The UK government decided to ease its lockdown in response to cases falling, but with the virus still circulating at relatively high levels. The reason why this seems to be a suppression approach is that if the UK were trying to eliminate the virus, it will be continuing to strictly apply infection control measures to drive transmission down to zero.

COVID-19 is a killer that can affect everyone but is principally dangerous to the elderly, those with pre-existing health conditions and ethnic minority groups. We know it’s contagious and has mutated to become even more infectious. Treatment for it can be costly, especially if intensive care is needed, and survivors may suffer long-term health impacts.

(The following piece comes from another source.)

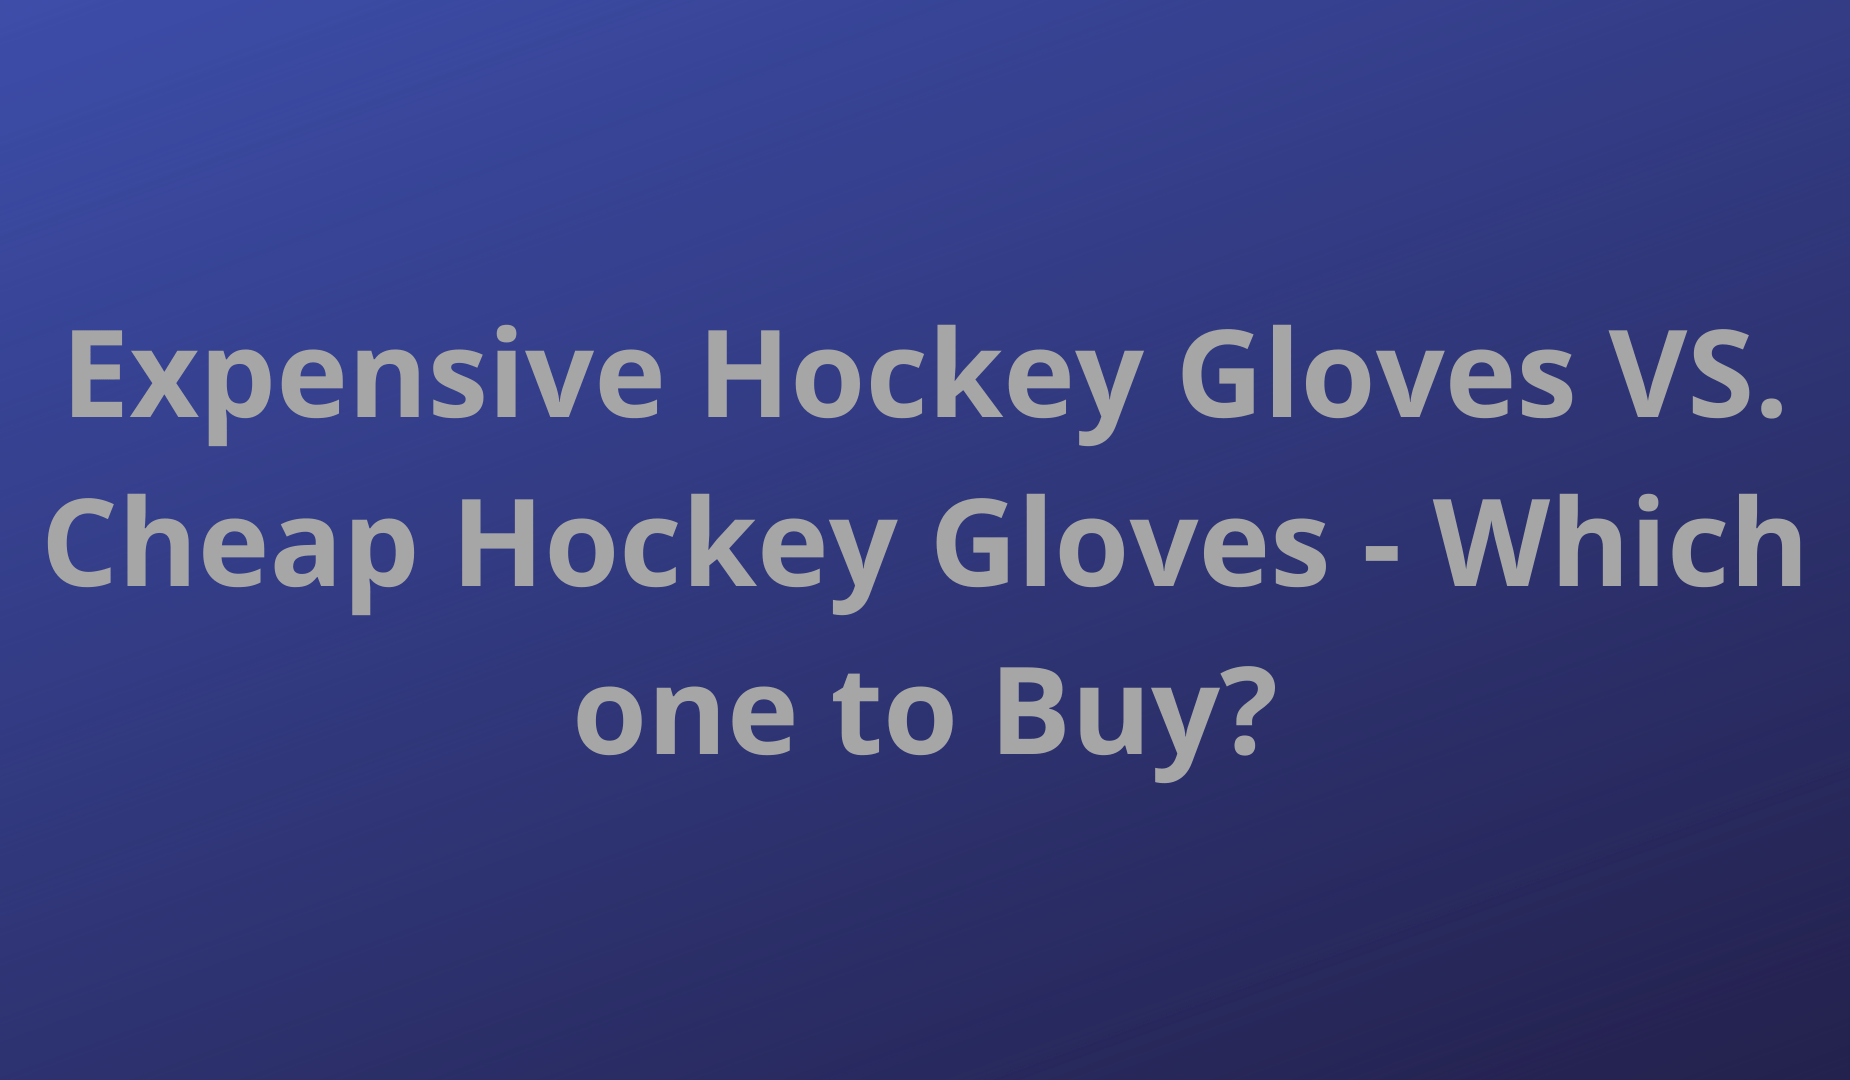 Expensive Hockey Gloves VS. Cheap Hockey Gloves - Which one to Buy?
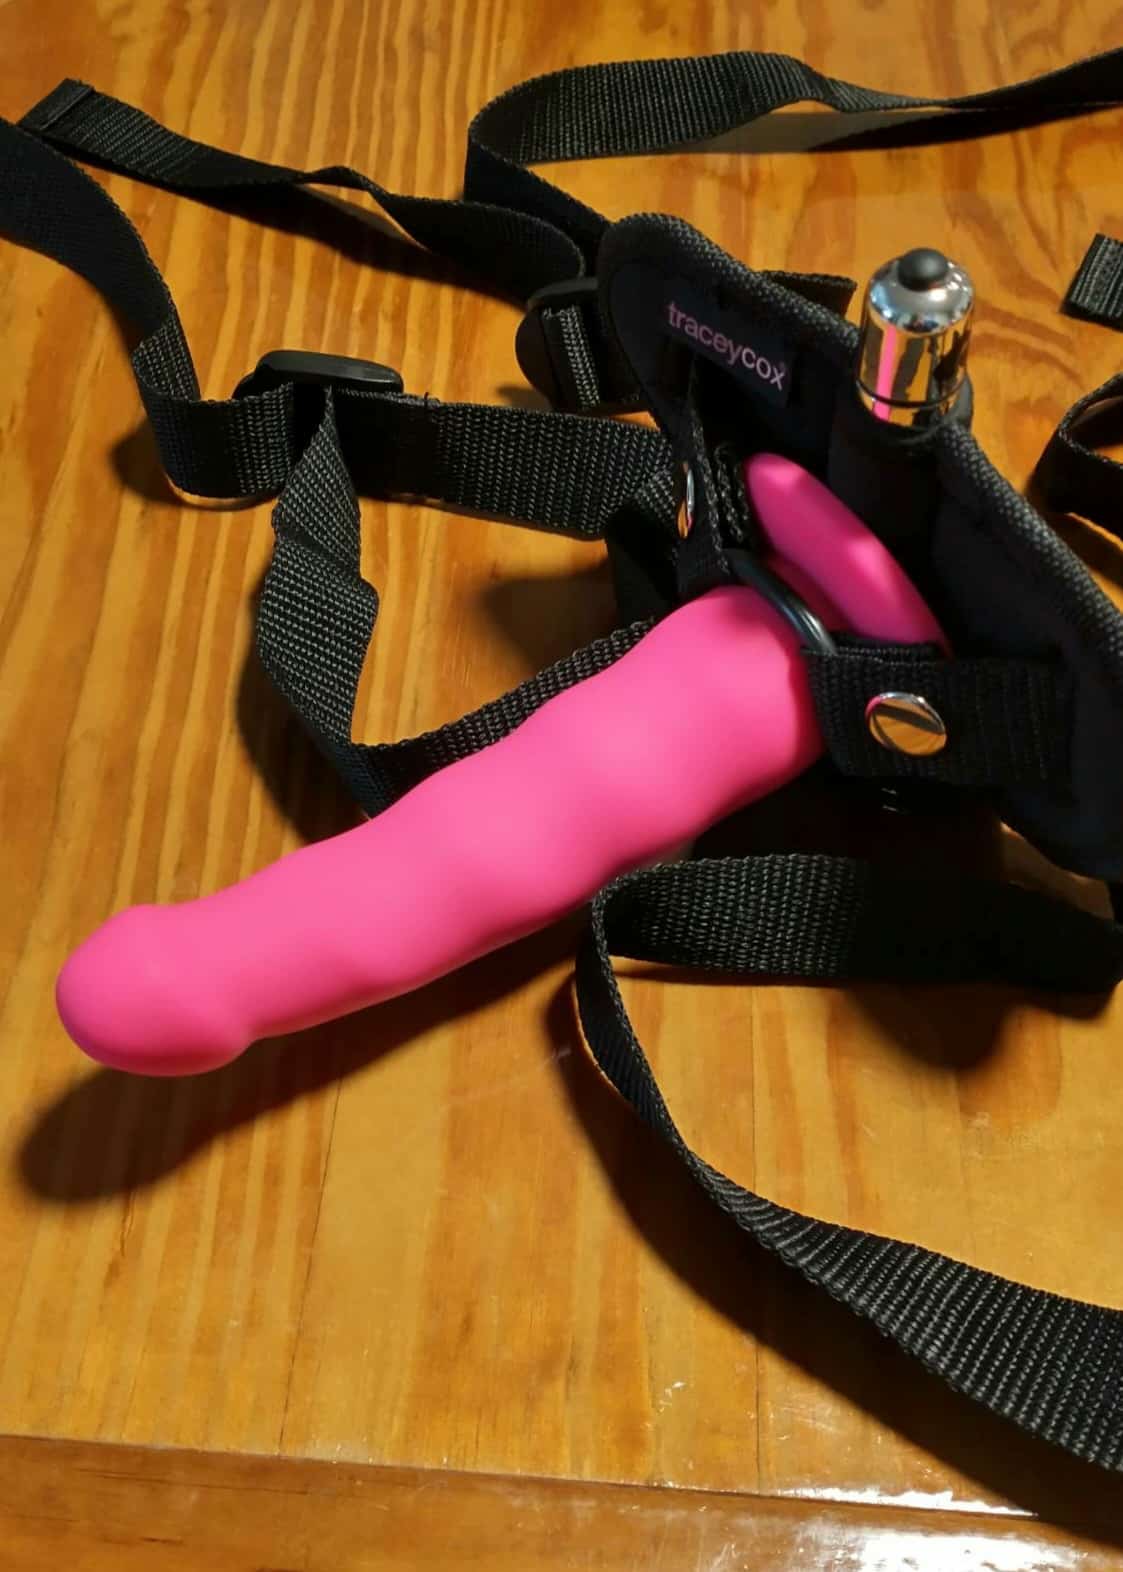 Tracey Cox Supersex Strap-On Pegging Kit. Slide 9

COVID-19, therefore, is not a low-consequence infection. A suppression approach that leaves the virus circulating at low levels could still mean potentially thousands of deaths in the UK each year, especially in vulnerable populations.

But the public and policymakers may weigh the healthcare costs and burden of death and disease on one hand against the economic and social costs of continuing with strict control measures on the other.

Faced with rising unemployment, businesses going bust and economic recession, some may question whether trying to eliminate the disease is too costly. In many major advanced economies, GDP may fall by 20%-25% in response to control measures used so far. So from a cost-benefit angle, suppression may seem the most economical approach.

However, these considerations are seen from a short-term perspective. Societal costs in the longer term cast disease control in a different light.

Take the example of influenza. Each year a billion people get infected, and up to 650,000 die from it. The costs of immunizing, treating and controlling influenza are considerable. The US alone spends an estimated US$10 billion (£7.7 billion) a year fighting the flu, with its economy losing tens of billions more due to people being off work. This has wider economic impacts, affecting productivity and national economic growth. And that’s just one year’s worth of cost. Extrapolate that across the world over 50 to 100 years and the costs become astronomical.

There are also lessons from the 1918 influenza pandemic when elimination was not possible. Spanish flu is estimated to have killed 2.1% of the world’s population (~40 million) and caused a 6% decline in GDP, similar in magnitude to the 2008-09 recession. Suppression can be a lose-lose solution for both health and economic outcomes.

That leaves elimination as the more desirable option. Zero COVID status has been achieved in New Zealand, Brunei and several island states in the Caribbean. This shows that it’s possible. In recent months we’ve seen what actions are needed.

Crucially, elimination doesn’t necessarily demand new measures, but rather wider, more consistent and more prolonged adherence to measures we’ve already used. Elimination requires physical distancing, widespread adoption of hygiene practices (including handwashing) and ubiquitous use of face coverings.

Early detection and isolation of cases will be key, using robust test and trace systems. If the transmission of the virus begins to increase, there needs to be a low threshold for implementing new local and national lockdowns. If and when a vaccine becomes available, then mass immunization programs could help boost immunity in the population.

All of these measures taken together can work, but it will come at a cost to society. However, unless elimination is sought, COVID-19 looks very likely to become an endemic disease. We can then expect it to recur every year in outbreaks and seasonal epidemics.

It also won’t be enough to eliminate COVID-19 in our own countries. In a globalized world, infections can travel between continents within a matter of days.

A coordinated global effort at eradication—eliminating COVID-19 permanently everywhere—is needed. This is considerably more challenging, but if we don’t aim for this, the threat of the disease will remain.